As of June 30, 2014, the Company has not made contributions and does not anticipate that additional contributions will be made during the remainder of fiscal year 2014 to the Sterling National Bank Defined Benefit Pension Plan. The legacy Provident Pension Plan liability was $31,705 at September 30, 2013. During the nine months ended June 30, 2014, the Company settled a portion of its pension plan liability through the acquisition of annuity contracts from a nationally recognized insurance company in the amount of $14,576, which together with the net amount of benefits paid and interest cost reduced the pension plan liability to $20,569 at June 30, 2014.   The legacy Provident Plan’s over funded status decreased from $3,712 at September 30, 2013 to $3,475 at June 30, 2014. In connection with the partial settlement, the Company incurred a charge on the accelerated amortization of its accumulated other comprehensive loss on the defined benefit plan in the amount of $2,743, which was realized through earnings as part of Non-interest expense - Compensation and benefits during the nine months ended June 30, 2014.

On March 28, 2014, the Company settled a portion of the legacy Sterling Plan liability through the acquisition of annuity contracts from a nationally recognized insurance company in the amount of $29,947, which reduced the pension plan liability to $28,103 at June 30, 2014. At June 30, 2014, the legacy Sterling Plan had assets of approximately $44.7 million and was over funded by approximately $16.7 million. The prepaid pension asset related to the legacy Sterling Plan is recorded in other assets on the Company’s balance sheet. For the three months ended June 30, 2014, the Company recognized a pension benefit of $(374) related to the legacy Sterling Plan. For the nine months ended June 30, 2014, the Company recognized pension expense of $834 comprised of a termination charge of $1,116 and a pension benefit of $(282).

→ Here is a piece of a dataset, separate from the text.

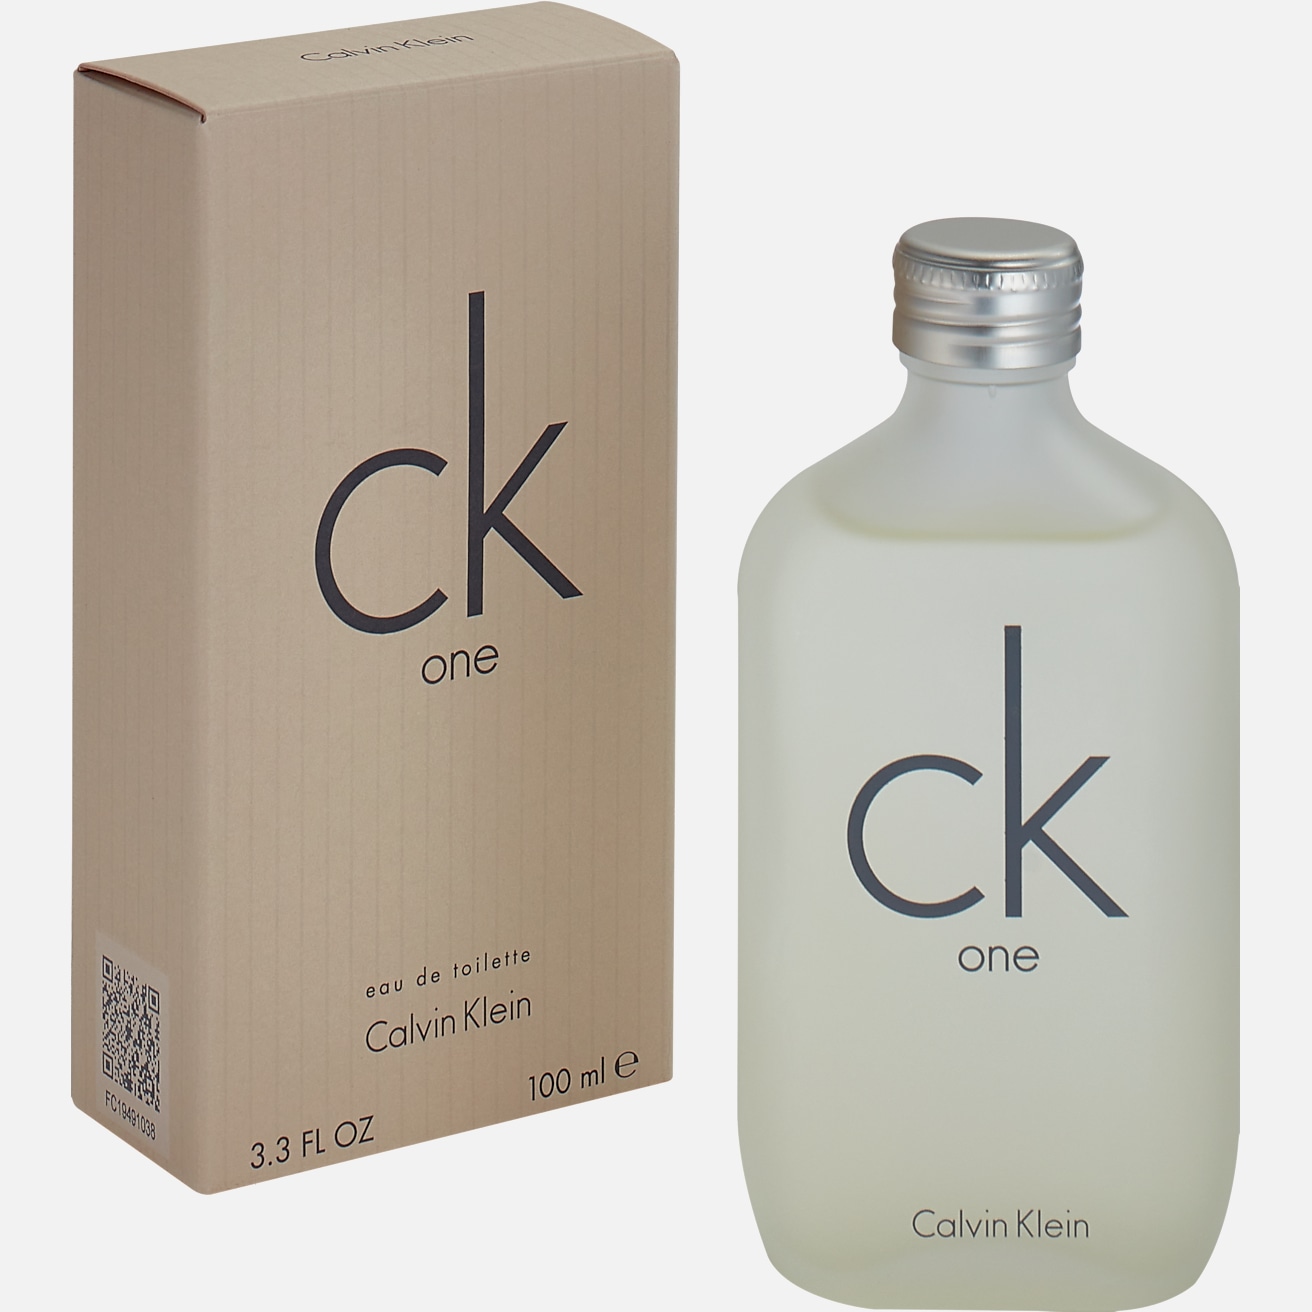 https://image.menswearhouse.com/is/image/TMW/TMW_8WZP_00_CALVIN_KLEIN_FRAGRANCES_MISC_MAIN?imPolicy=pdp-mob-2x

The Company has also established a non-qualified Supplemental Executive Retirement Plan (“SERP”) to provide certain executives with supplemental retirement benefits in addition to the benefits provided by the pension plan due to amounts limited by the Internal Revenue Code of 1986, as amended (“IRS Code”). The periodic pension expense for the SERP amounted to $63 for the three months ended June 30, 2014 and $12 for the three months ended June 30, 2013. The periodic pension expense for the SERP amounted to $188 for the nine months ended June 30, 2014 and $36 for the nine months ended June 30, 2013. The liability for the SERP was $1,175 and $1,203 at June 30, 2014 and September 30, 2013, respectively. For the three months ended June 30, 2014 and 2013 there was $25 and $26, respectively, in contributions to fund benefit payments related to the SERP. For the nine months ended June 30, 2014 and 2013 there was $76 and $53, respectively, in contributions to fund benefit payments related to the SERP.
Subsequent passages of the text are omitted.